List of RelationalAI Customers
Berkeley, 94704, CA,
United States
Since 2010, our global team of researchers has been studying RelationalAI customers around the world, aggregating massive amounts of data points that form the basis of our forecast assumptions and perhaps the rise and fall of certain vendors and their products on a quarterly basis.
Each quarter our research team identifies companies that have purchased RelationalAI for Database Management from public (Press Releases, Customer References, Testimonials, Case Studies and Success Stories) and proprietary sources, including the customer size, industry, location, implementation status, partner involvement, LOB Key Stakeholders and related IT decision-makers contact details.

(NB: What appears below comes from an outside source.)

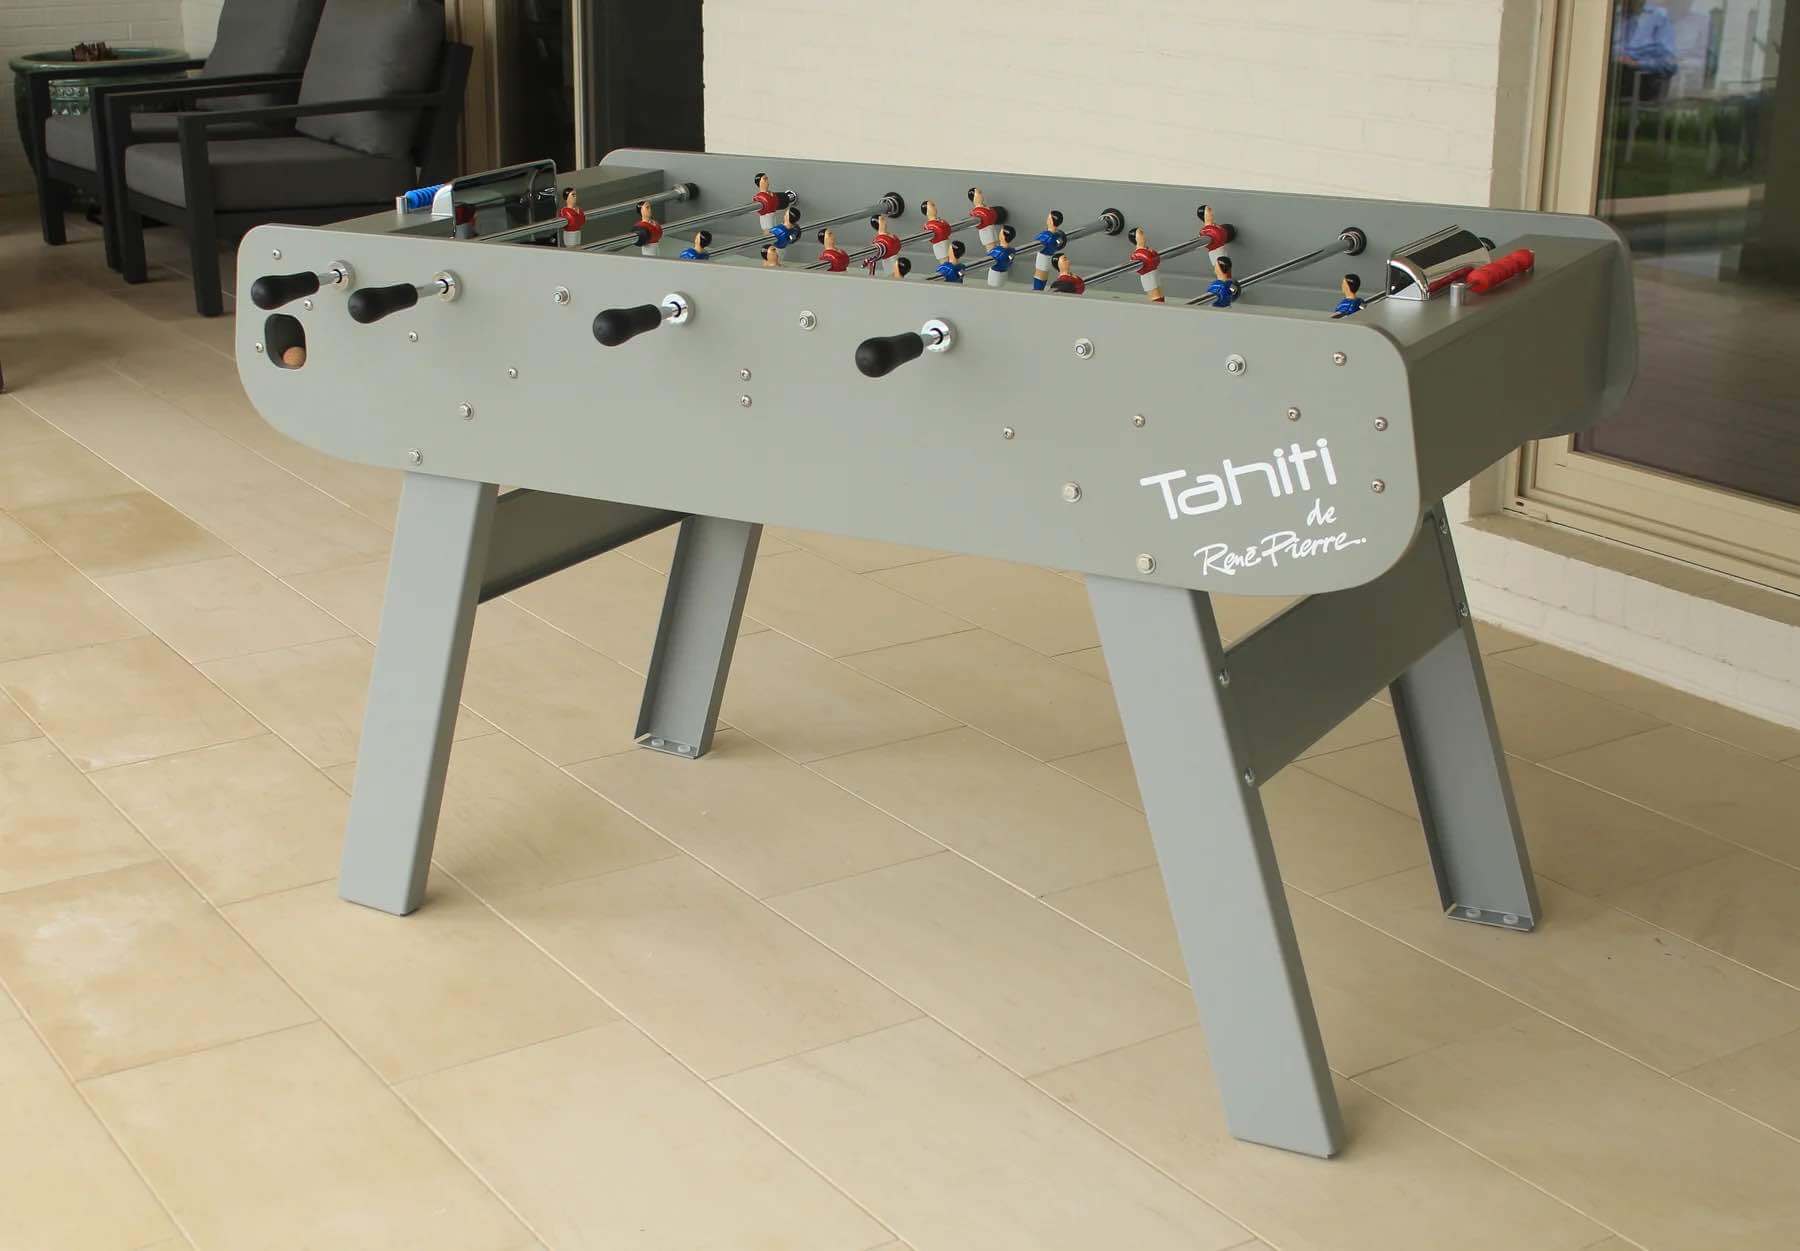 Kettler USA RENE PIERRE TAHITI Outdoor Four-Player Foosball Table, Made In France
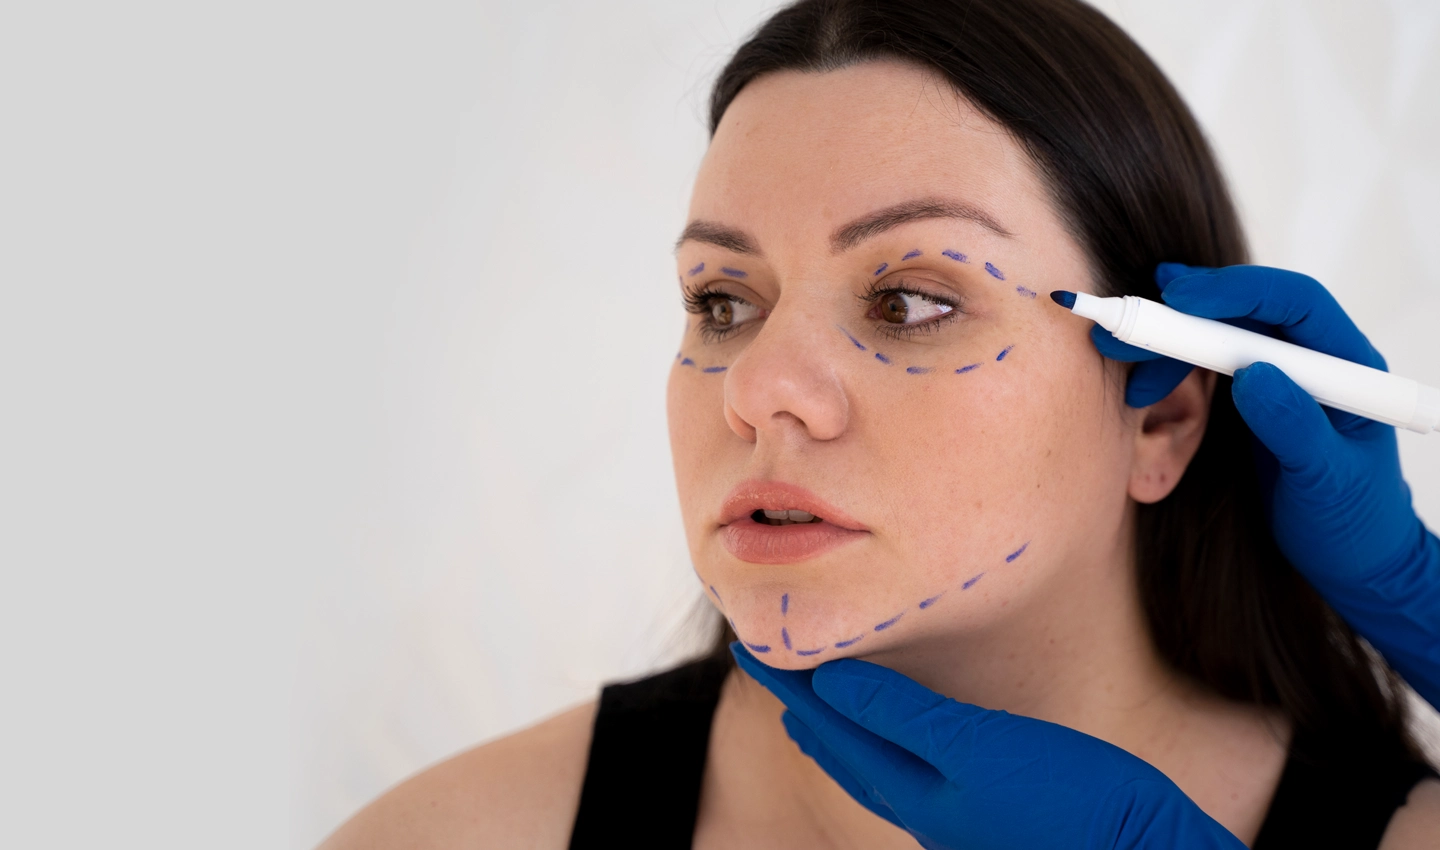 A woman prepares for a facelift and eyelid surgery procedure with a surgeon in a medical setting

Companies using RelationalAI for Database Management include: AT&T, a United States based Communications organisation with 146040 employees and revenues of $122.43 billion, Blue Yonder, a United States based Distribution organisation with 8000 employees and revenues of $1.36 billion, Cash App, a United States based Professional Services organisation with 3900 employees and revenues of $1.00 billion and many others.
Contact us if you need a completed and verified list of companies using RelationalAI, including the breakdown by industry (21 Verticals), Geography (Region, Country, State, City), Company Size (Revenue, Employees, Asset) and related IT Decision Makers, Key Stakeholders, business and technology executives responsible for the software purchases.
The RelationalAI customer wins are being incorporated in our Enterprise Applications Buyer Insight and Technographics Customer Database which has over 100 data fields that detail company usage of software systems and their digital transformation initiatives. Apps Run The World wants to become your No. 1 technographic data source!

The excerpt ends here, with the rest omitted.